The Talisman was an American merchant ship and blockade runner during the American Civil War. It sank in 1864; one of its crew was Clifford Lanier, brother of the poet Sidney Lanier, who was on the Lucy. The Talisman was part of a flotilla of blockade runners gathered in November 1864 near Cape Fear, but on December 19 ran onto the wreck of the CSS Raleigh, and had to return to Wilmington for repairs. It left Wilmington on December 26, and broke up during heavy seas on December 29 (David Jones says the ship left Wilmington on December 24). The crew, including Lanier, were saved by a Federal schooner.

According to data compiled by Civil War scholar Stephen R. Wise, the Talisman was a sidewheel steamer with an iron hull built by John Scott and Sons, in Greenock, Scotland, and owned/operated by William Boyle, of the Albion Trading Company.
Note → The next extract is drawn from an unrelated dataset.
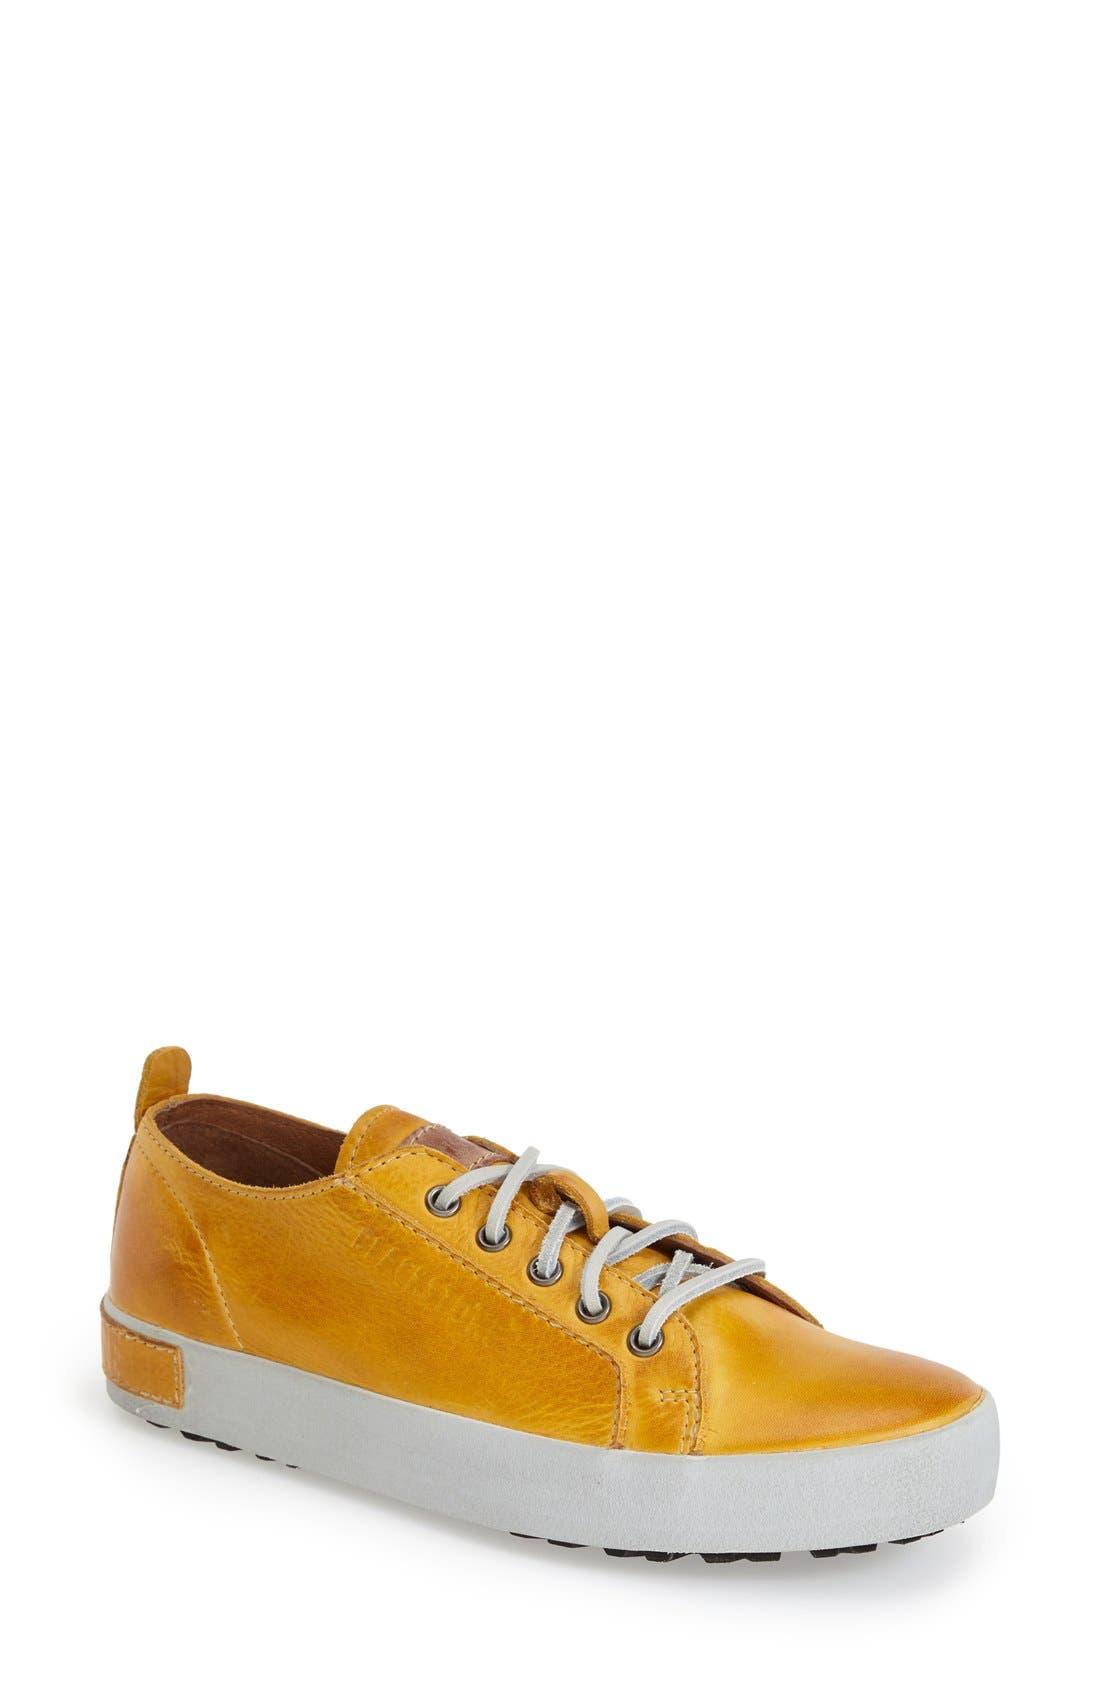 'Jl20' Sneaker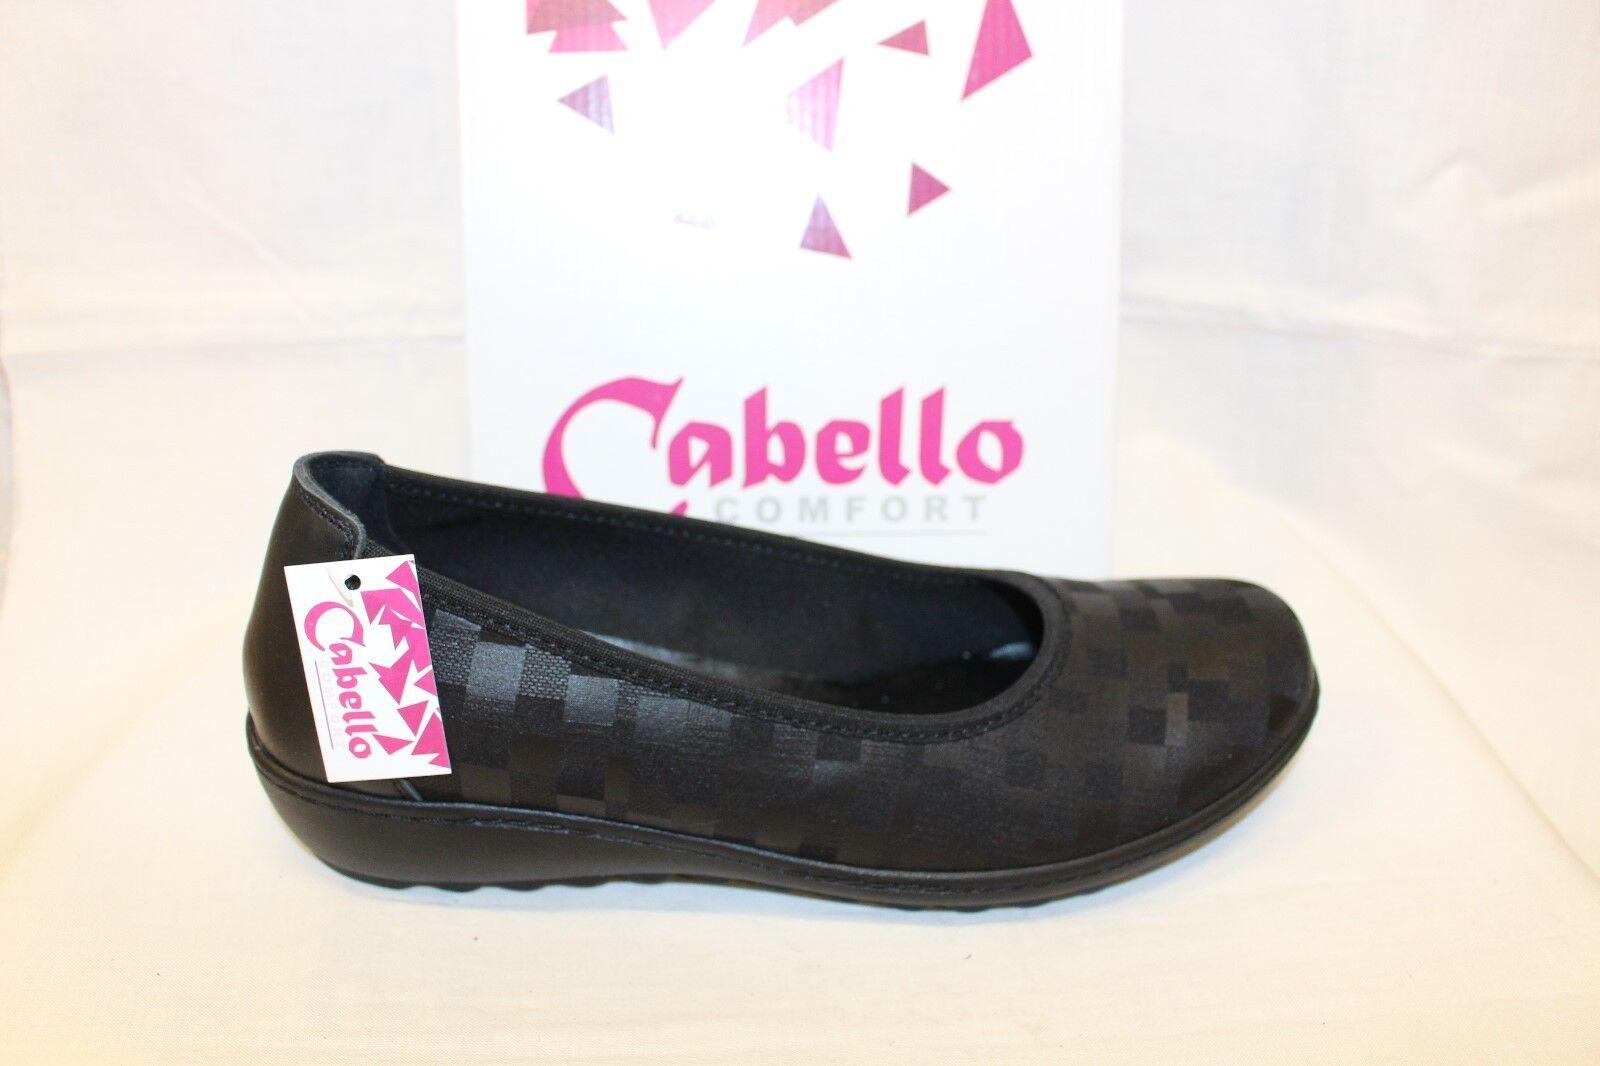 centro commerciale di moda LADIES scarpe FOOTWEAR - Cabello CP165 slip slip slip on scarpe nero  negozio online

It measured 201.3 by 21.15 by 9.5, with 266 gt, 173 rt, 359 bt. It is reported as arriving in North Carolina ports on Oct. 1, Nov. 6, Dec. 8, 1864 (in all cases from Bermuda). It is reported as having left North Carolina ports on Oct. 19 and Nov. 19 1864, for Bermuda; it left on Dec. 18 and returned, and then on Dec. 26 and foundered. Operating in the Atlantic, it made a total of six attempts to break the blockade, succeeding five times.